----- Given data -----
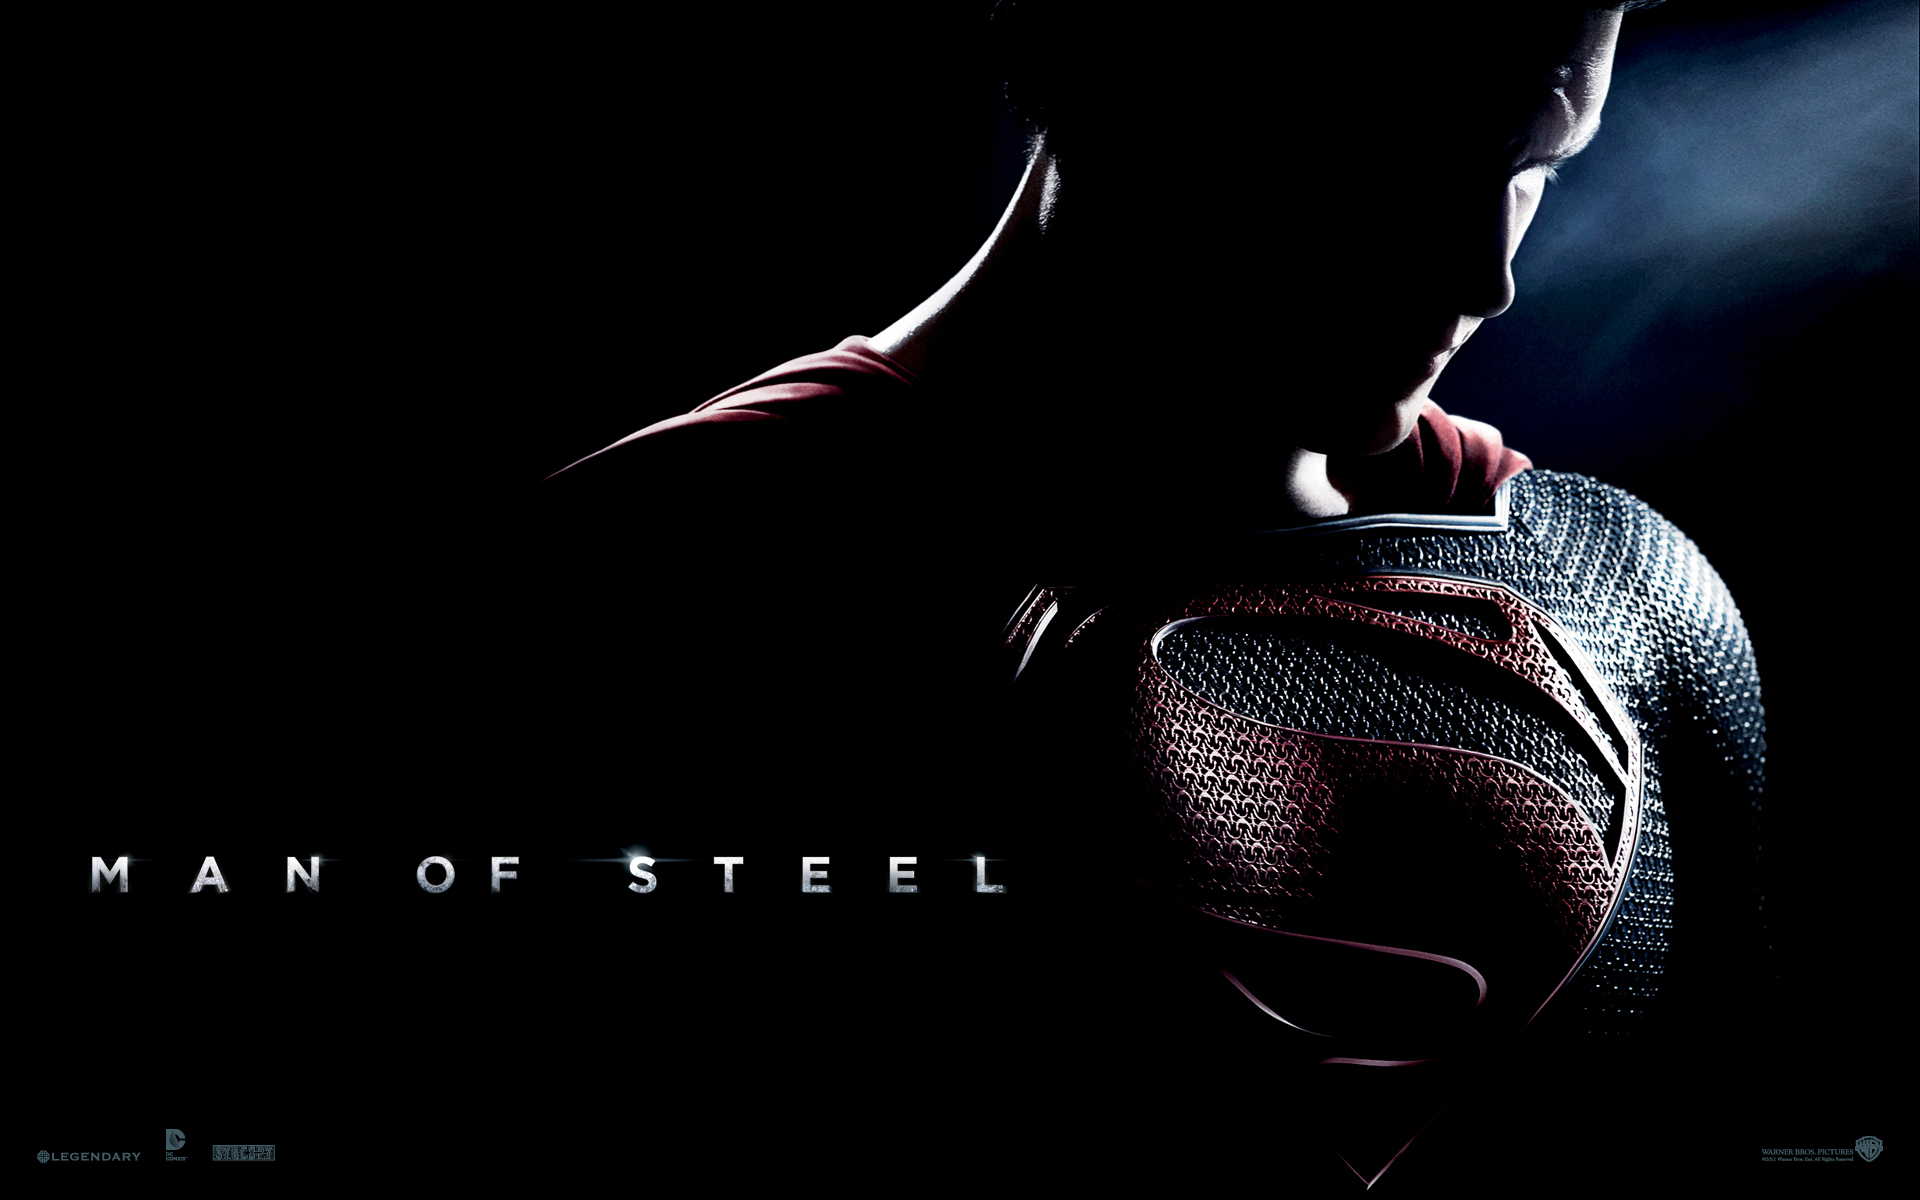 man of steel wallpaper,batman,fictional character,justice league,superhero,darkness
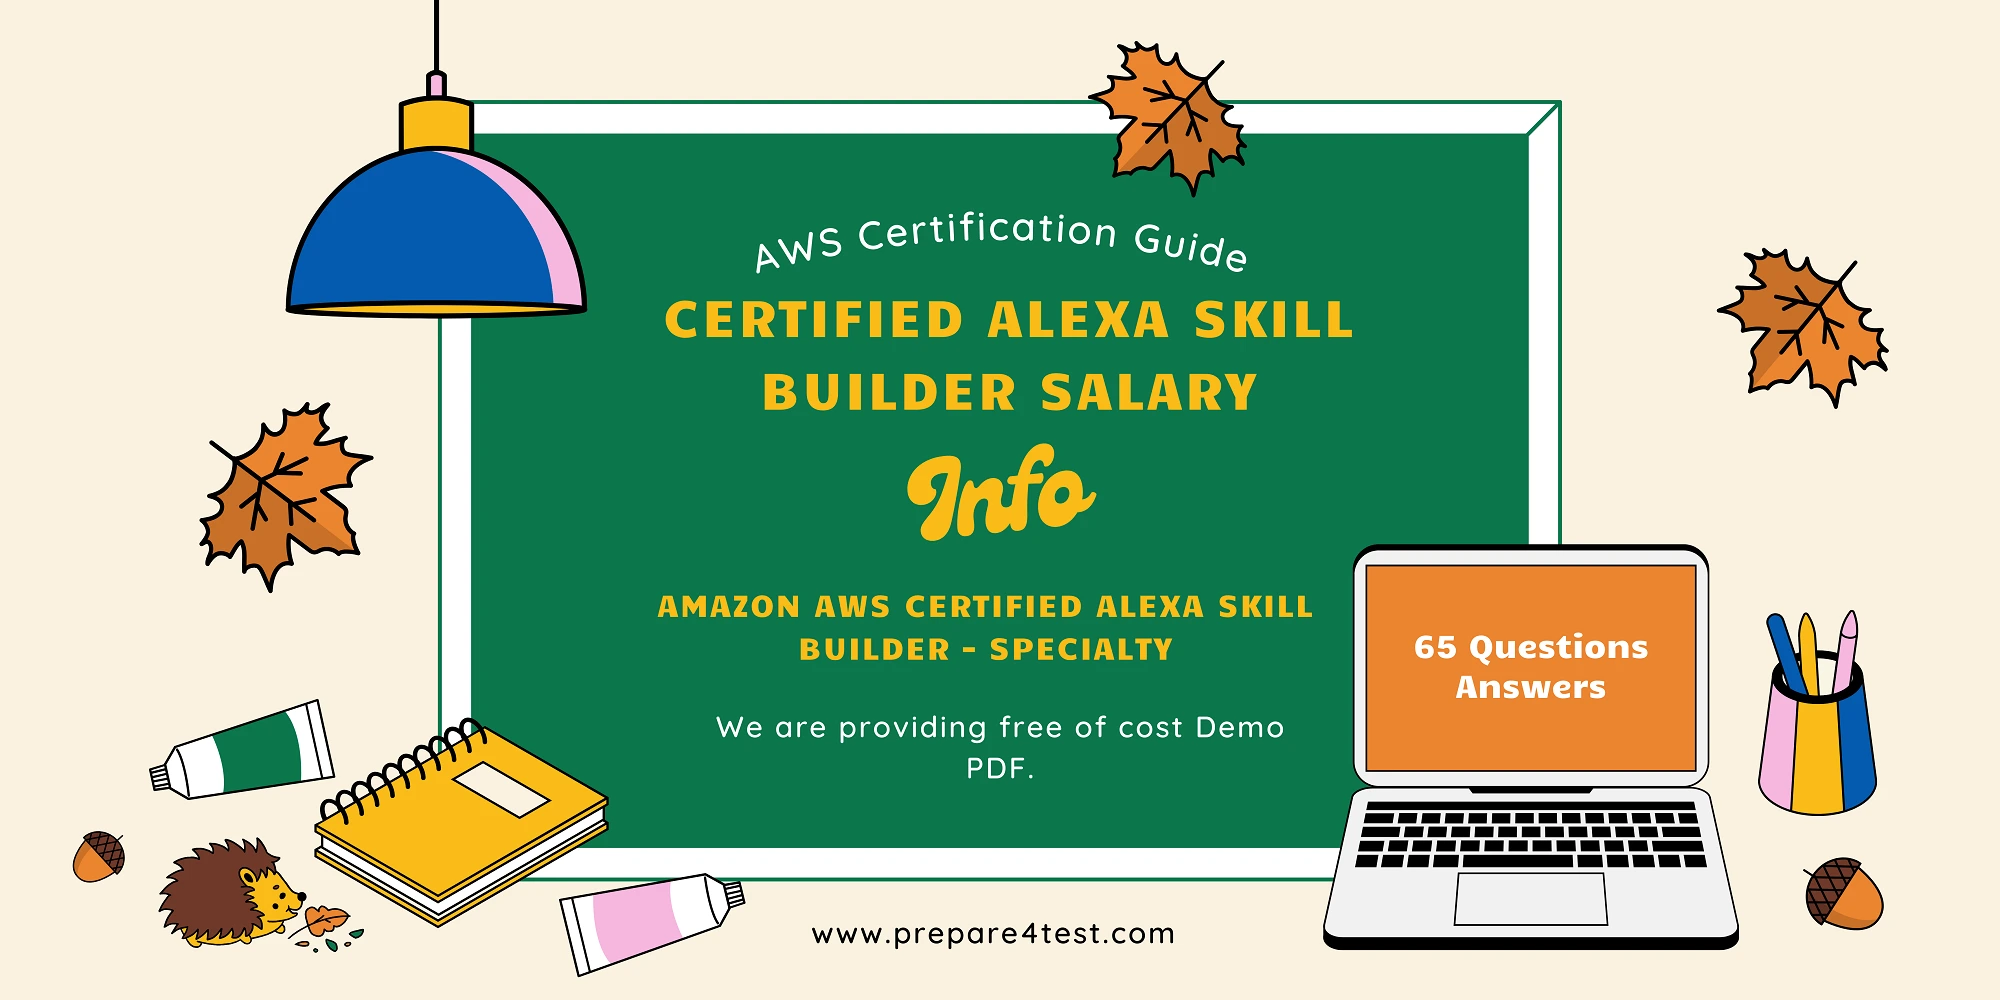 AWS Certified Alexa Skill Builder Salary
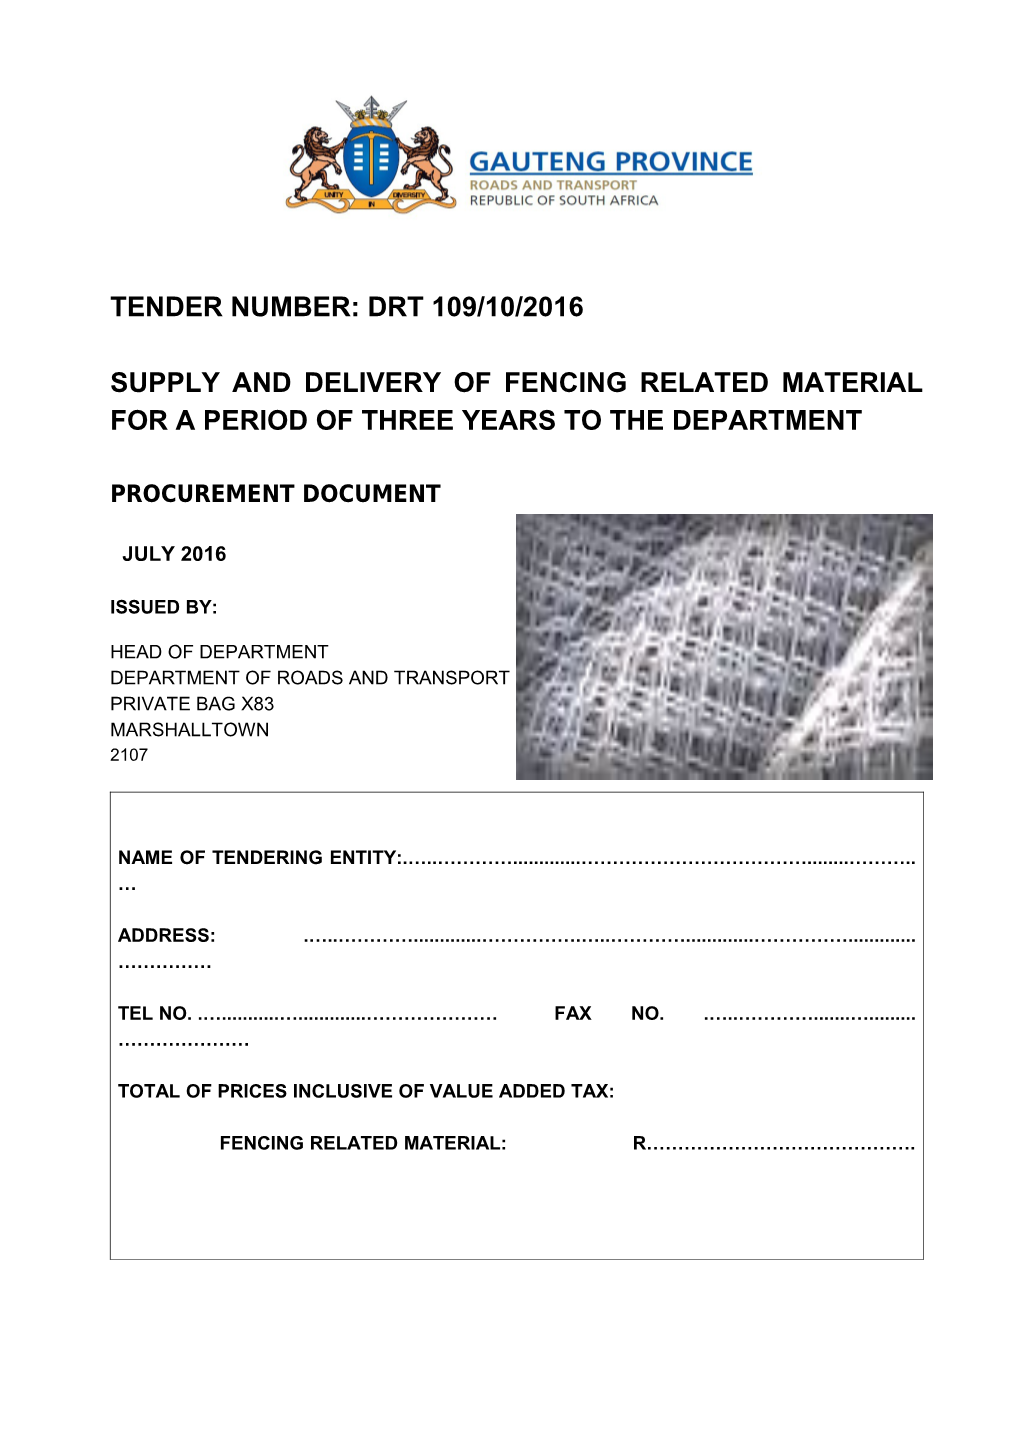 CIDB Procurement Document (08/2006)
-----
## Exercise requirements
The whole listing must be restated word for word. Leave out any pictures.

## Solution to this task
 man of steel wallpaper,batman,fictional character,justice league,superhero,darkness
 AWS Certified Alexa Skill Builder Salary
 CIDB Procurement Document (08/2006)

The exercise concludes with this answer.